When building an AI feature for a web application, the choice between WebSocket and REST (with polling or SSE) affects both the user experience and the backend architecture. REST endpoints are simpler to implement, cache, and debug; they work well for fire-and-forget AI tasks where the result is short or where the user is willing to wait for a complete response. WebSockets add connection management complexity but enable the streaming UX that users expect from chat interfaces — seeing tokens appear as they are generated rather than waiting 15–30 seconds for a complete response. The streaming UX is not just cosmetic; research consistently shows that users perceive streaming responses as faster and more responsive than equivalent-latency complete responses, because progress feedback reduces perceived wait time. For any AI feature where users are actively watching the response generate, WebSocket streaming is worth the additional implementation effort. For background processing, reporting, and classification tasks where users do not watch generation, REST is the right choice.

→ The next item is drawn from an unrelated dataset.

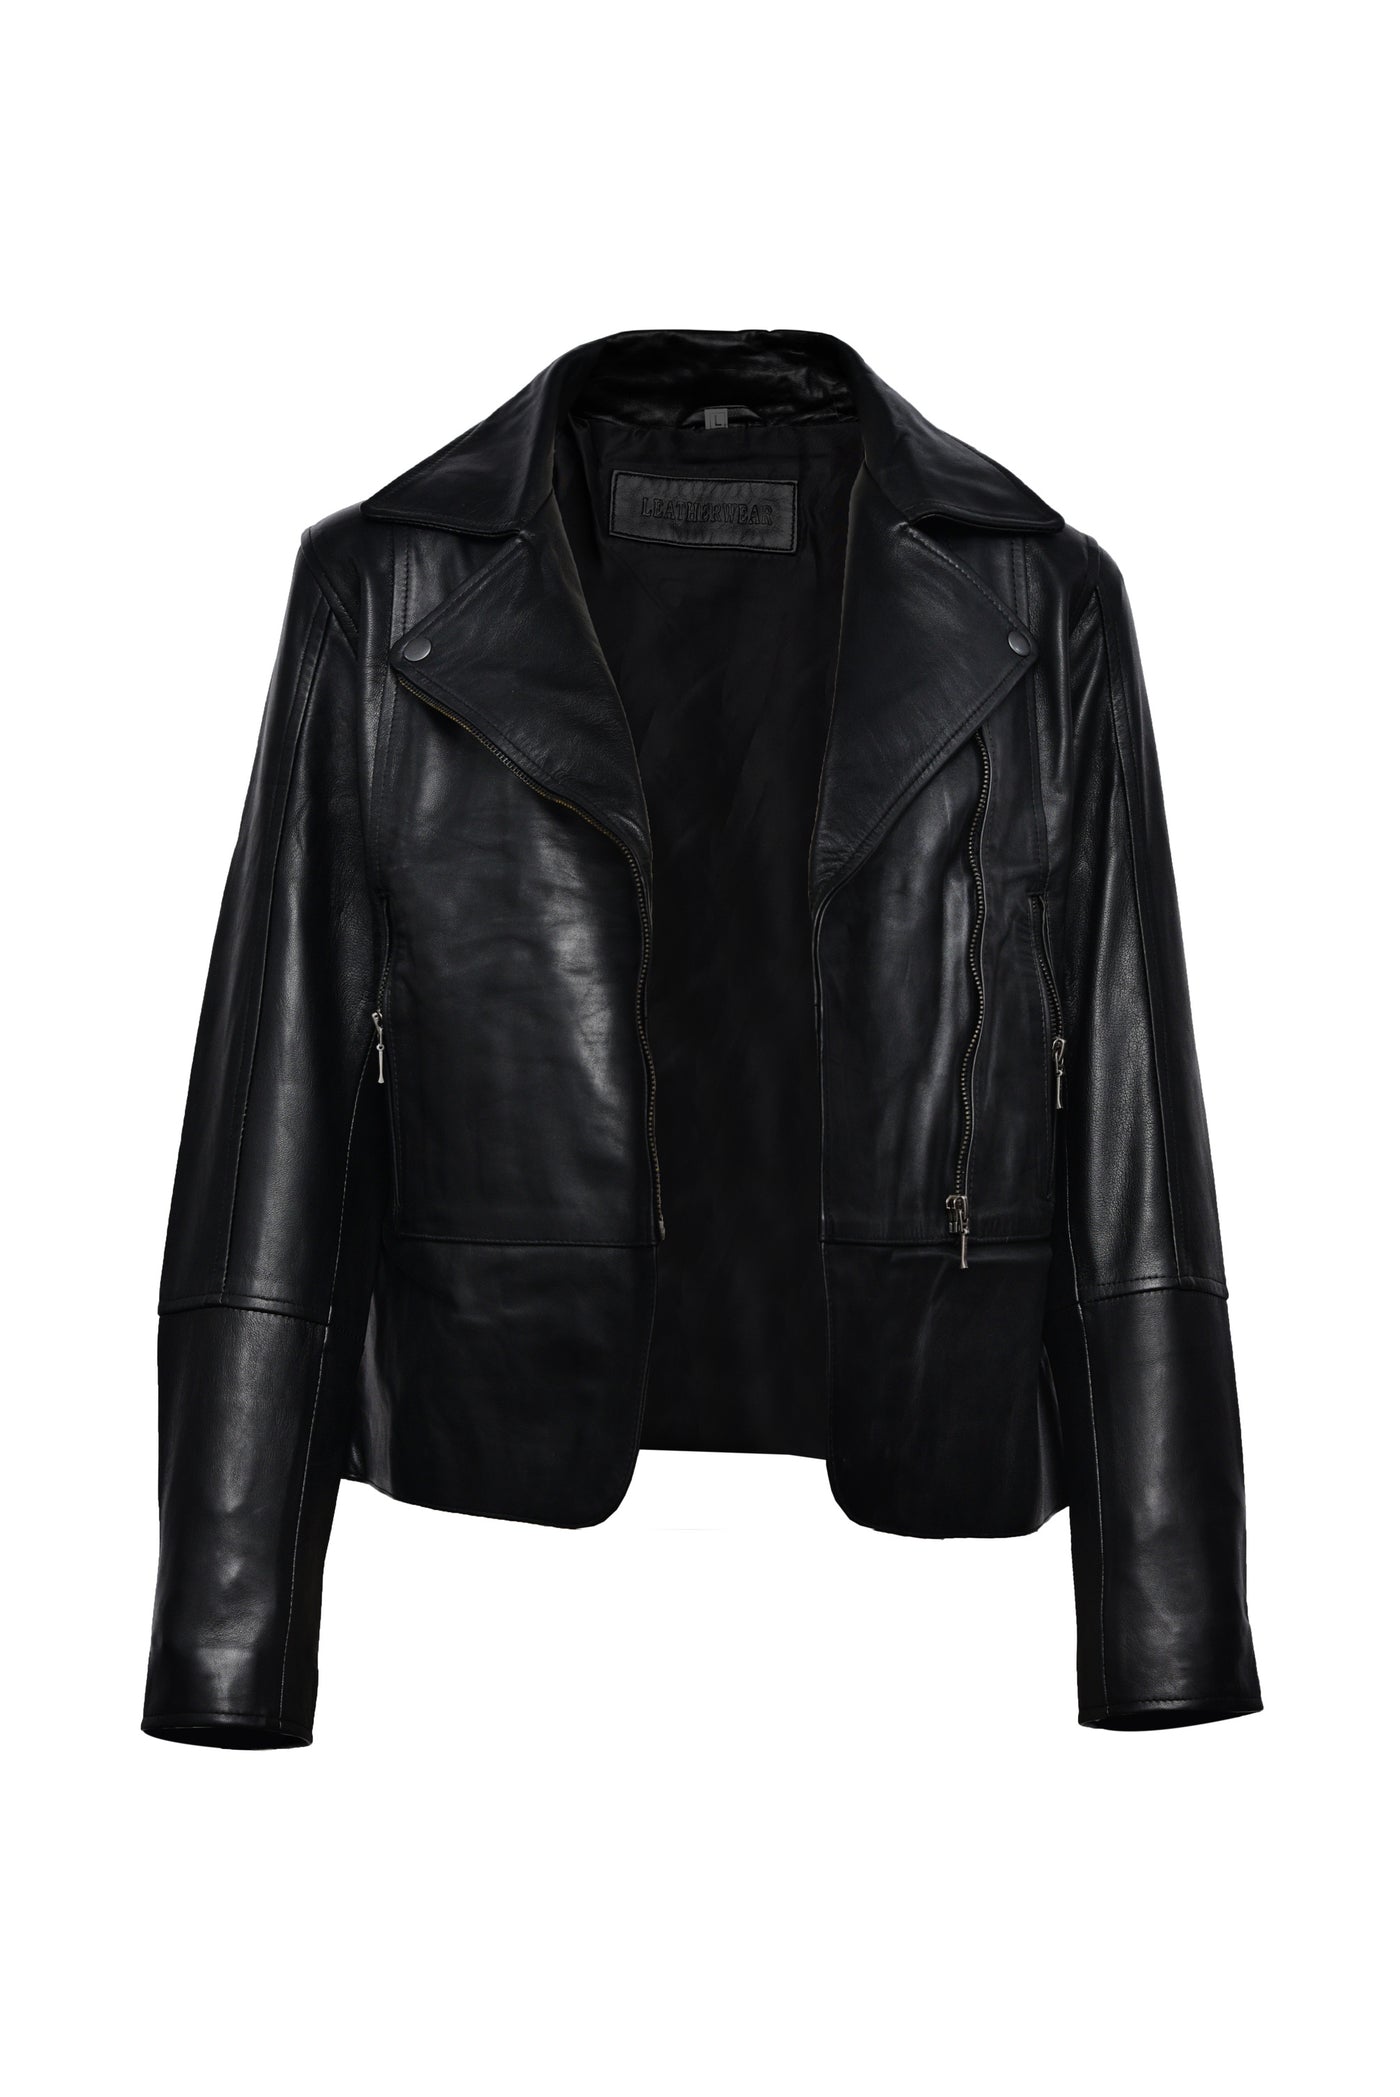 Black Biker Leather Jacket For Sale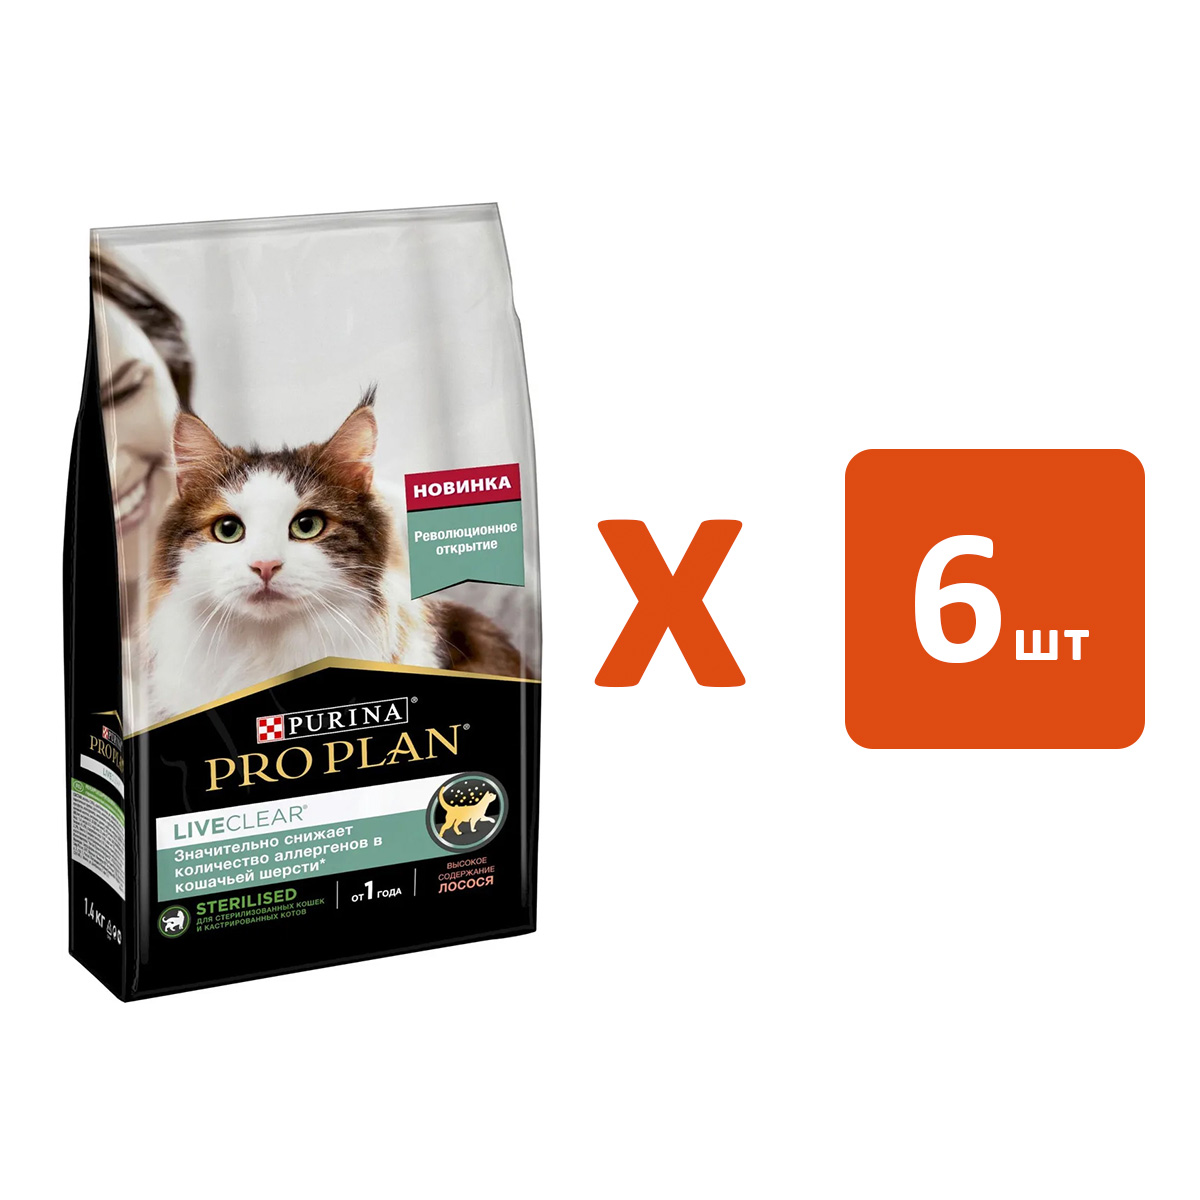 

Сухой корм для кошек Pro Plan Liveclear Sterilised, индейка, 6шт по 1,4кг

WebSocket streaming is the foundation for building AI applications that feel fast and interactive. The async FastAPI approach in this article scales to hundreds of simultaneous connections with a single Python process, and the reconnection and authentication patterns make it production-ready. Build the simple version first, validate it with real users, and add the complexity of cancellation and multi-client broadcasting only when your use case requires it — and the patterns in this article provide a solid foundation for whatever complexity you ultimately need.

The WebSocket pattern in this article handles the core use case cleanly — bidirectional streaming with cancellation support and multi-client broadcast capabilities that cover most production AI chat requirements without unnecessary complexity.